Всплеск гигантской мыслительной энергии, вдохновения и мышления по-творчески в рассматриваемом случае можно сравнить с разрядом лазера не на ядерной, а на термоядерной подкачке, причем лучи тут понеслись во все стороны, но с лазерной энергией. При всей внешней не занимательности события (подумаешь, трахнулся о камень головой!), даже некоторой его вульгарности, все обстояло не так просто и примитивно. Баллистика, физика, механика, сопротивление материалов, землеройные работы, евгеника, строительные материалы, демография, нейрохирургия, общественное питание, стратегическая оборонная инициатива и множество иных фундаментальных и прикладных наук, областей человеческой деятельности имели к событию самое непосредственное отношение.
Мощный останов полета посредством бордюрного камня, как еще напишет рядовой генералиссимус пера, вполне можно было принять и за минисхлопывание вещества, иначе откуда мог взяться такой протуберанец интеллекта?
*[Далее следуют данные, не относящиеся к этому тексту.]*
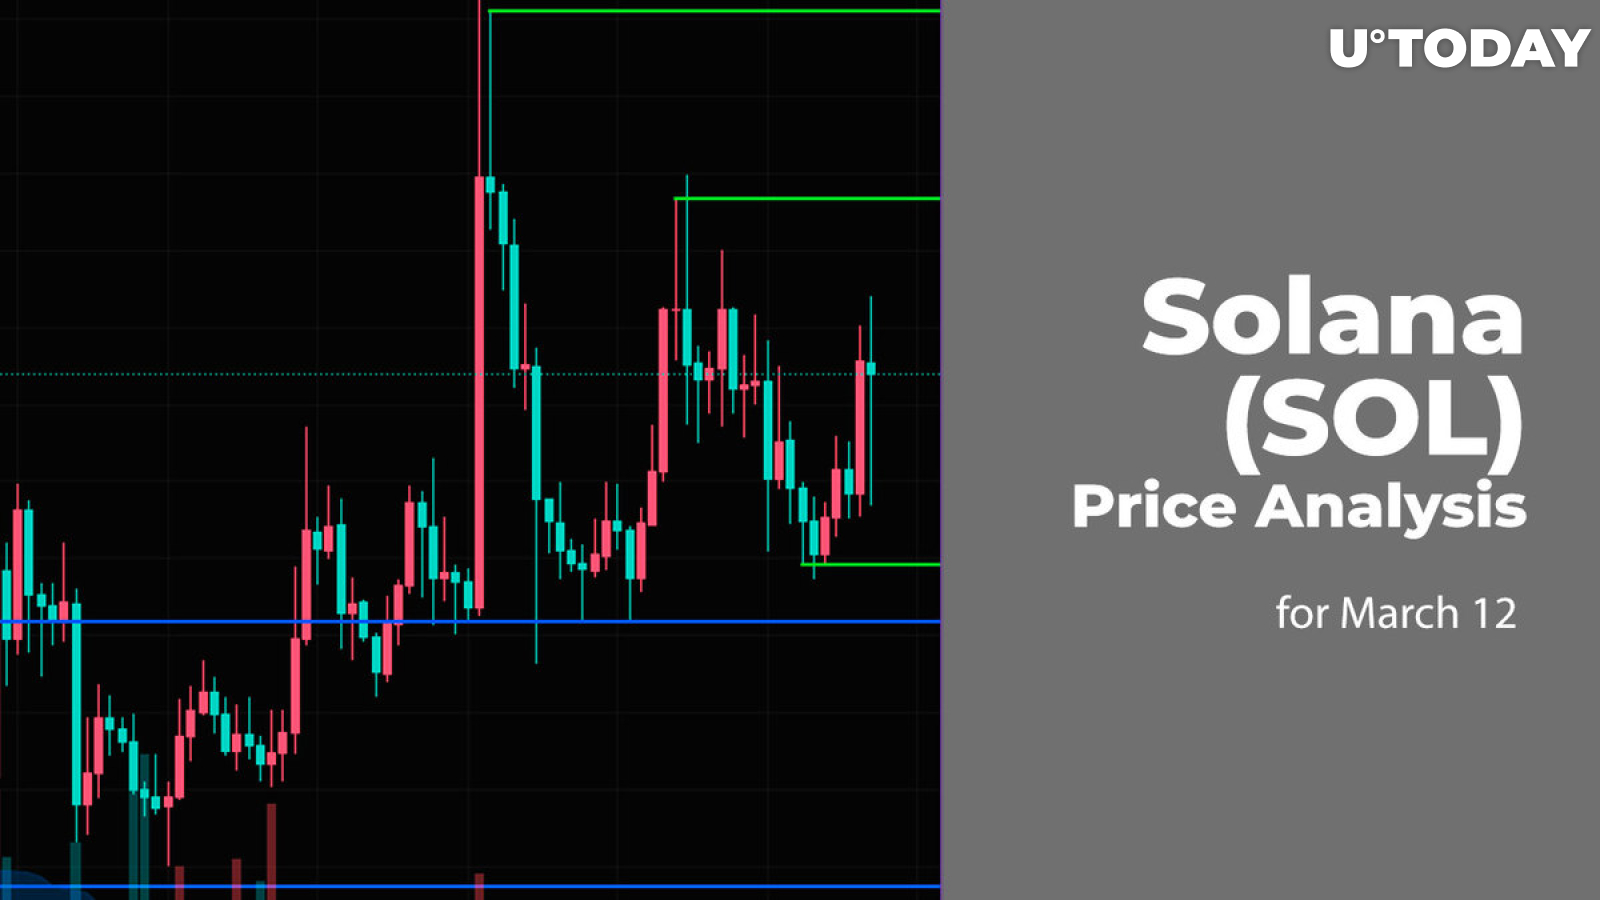 Solana (SOL) Price Prediction for March 12

Внешне процесс, возможно, протекал не столь захватывающе: от удара, допустим, распрямились сверхплановые загогулины в извилинах, всколыхнулся какой-нибудь сильно застойный омуток, вздрогнула и зачистилась пара-другая нейронных контактов, короче говоря, пошел ток, напряжение подскочило, в мыслительном предмете Аэроплана Леонидовича даже завелось масло, допустим вновь, трансформаторное, которое, чихая на физику, тут же перестроилось в некое полупроводниковое состояние, не исключено, в сверхпроводящее, иначе в момент гениального открытия и изобретения могли сработать какие-нибудь тормоза.